- _Action item_: Output exactly, in the material below, the lines from the one with "T-shirt Zeb Signature - Black" through the one with "chimprala unisex kids". Omit all pictures.

- _Records to use_:
· · · · · · ·
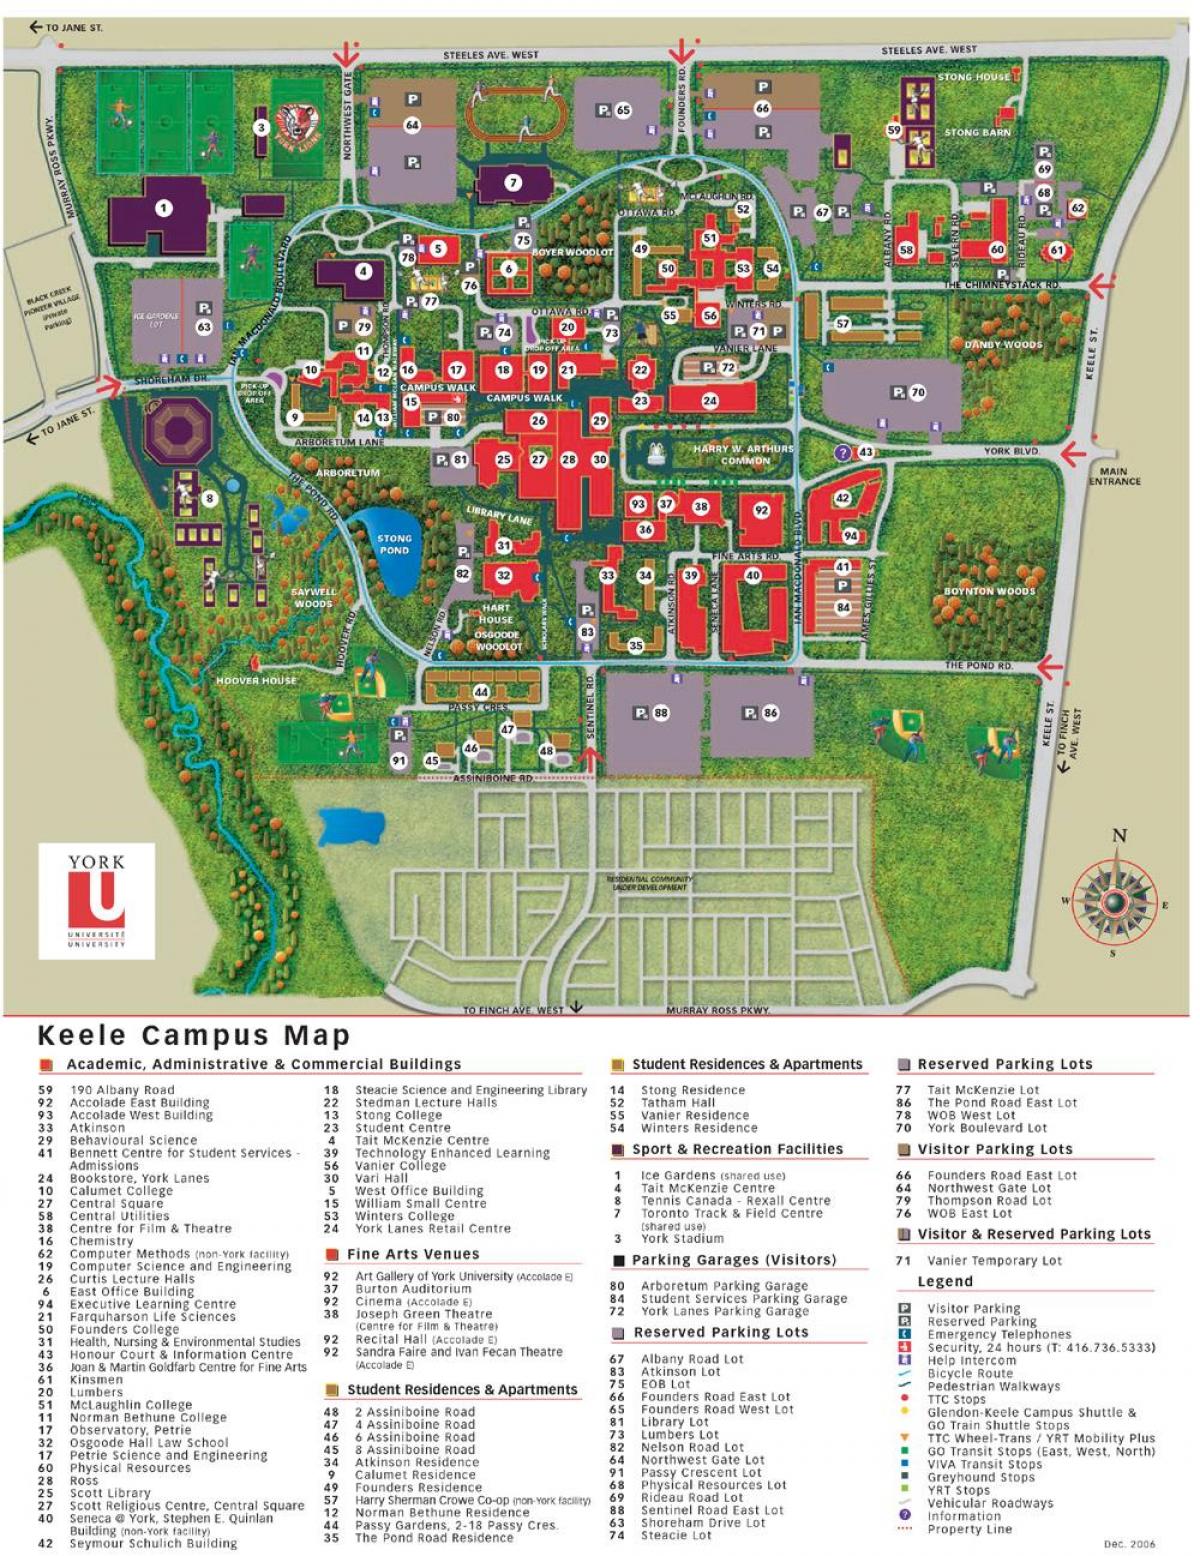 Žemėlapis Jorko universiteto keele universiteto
· · · · · · ·
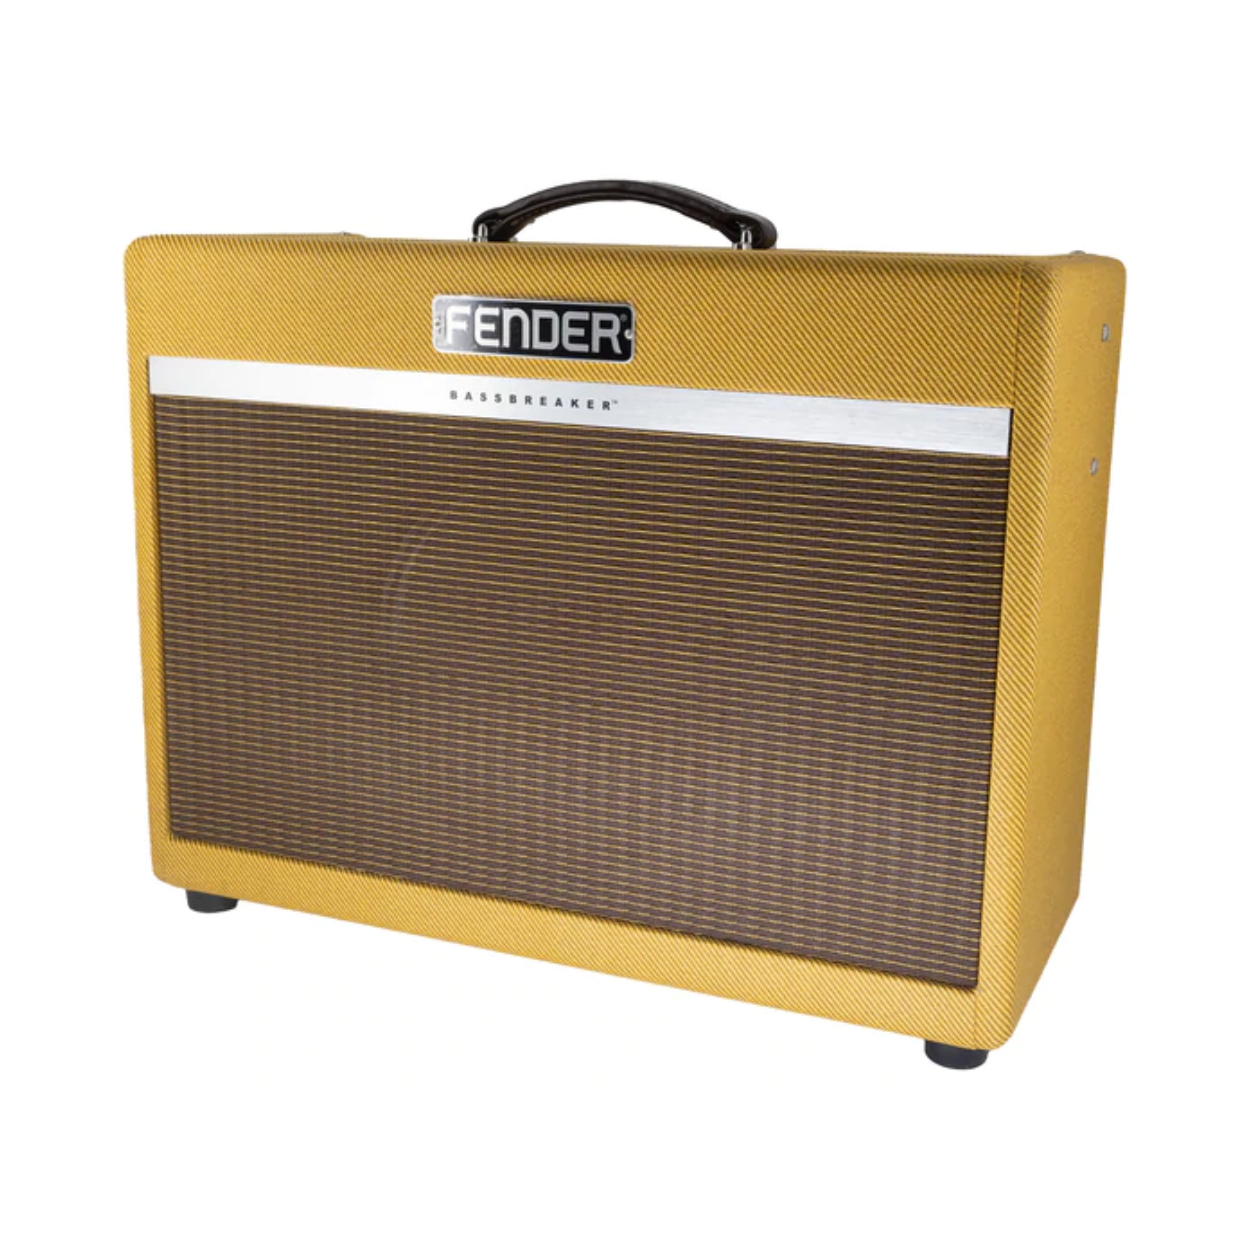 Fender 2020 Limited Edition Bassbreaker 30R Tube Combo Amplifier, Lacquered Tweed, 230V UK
· · · · · · ·
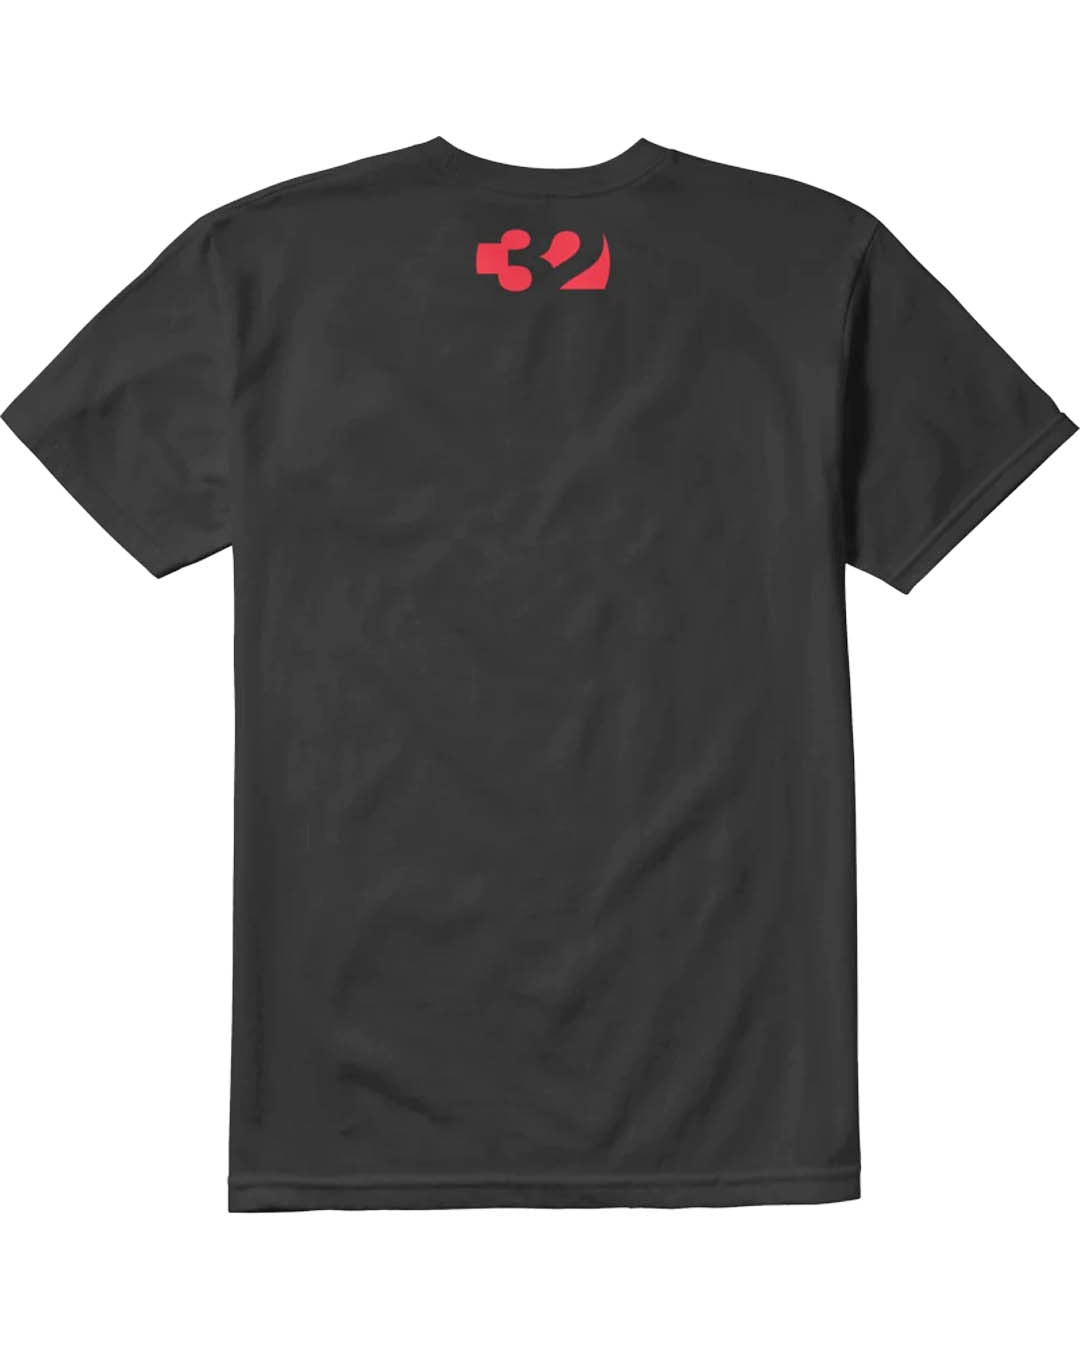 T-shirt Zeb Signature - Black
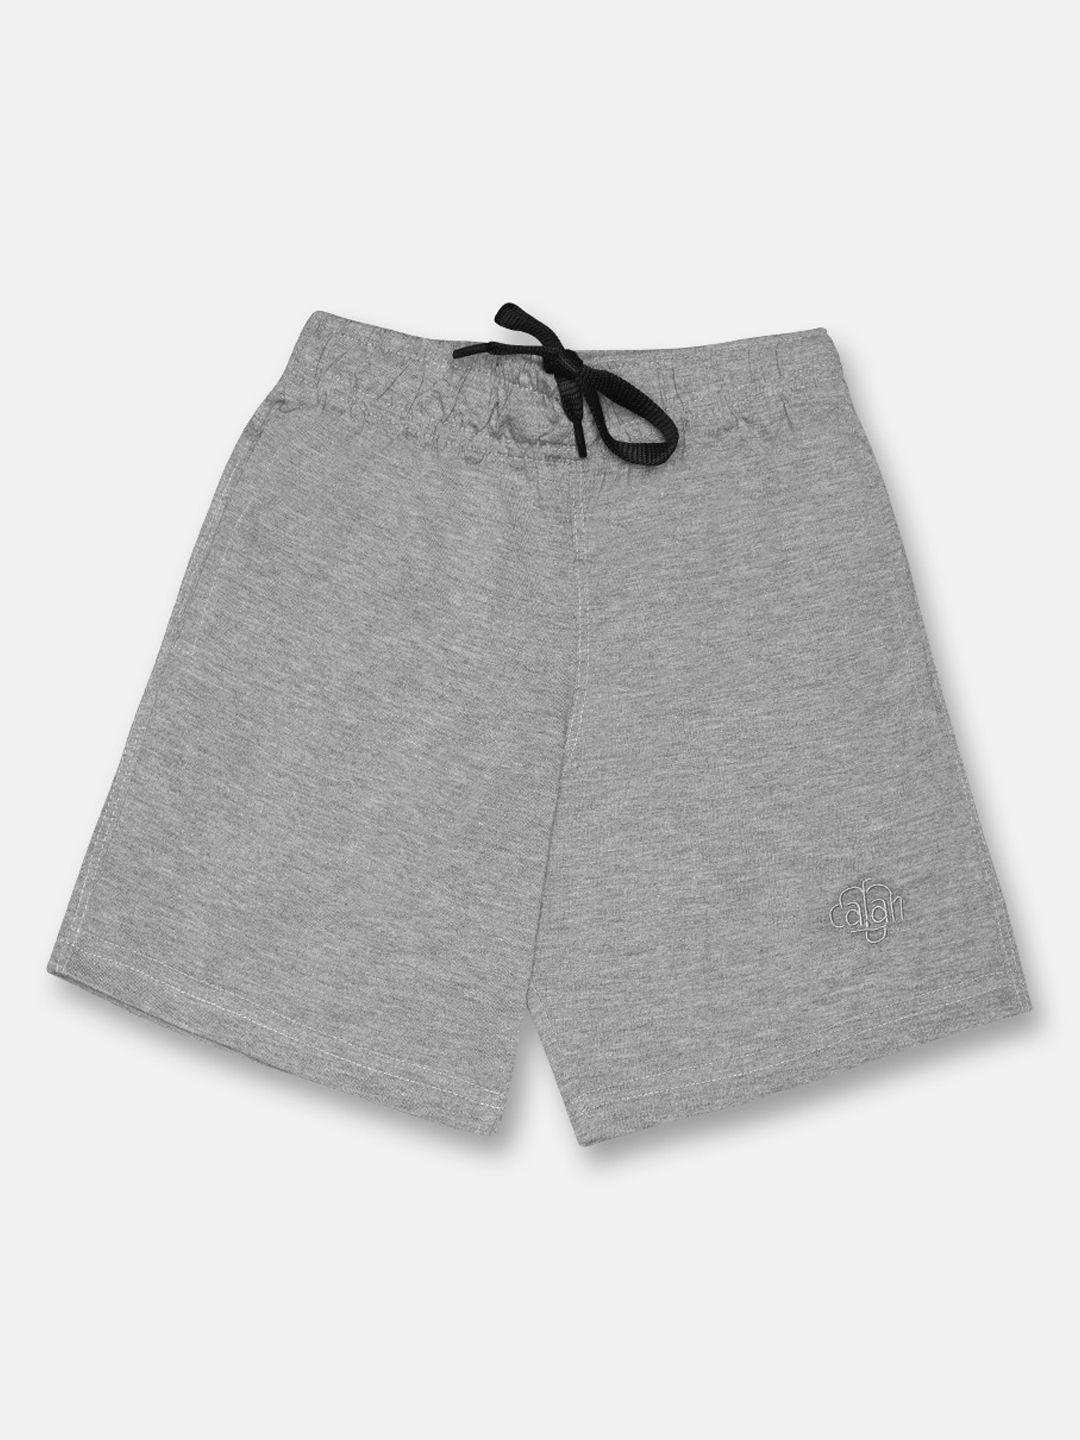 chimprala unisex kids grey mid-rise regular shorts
· · · · · · ·
- _Result for this exercise_:
 T-shirt Zeb Signature - Black
 chimprala unisex kids grey mid-rise regular shorts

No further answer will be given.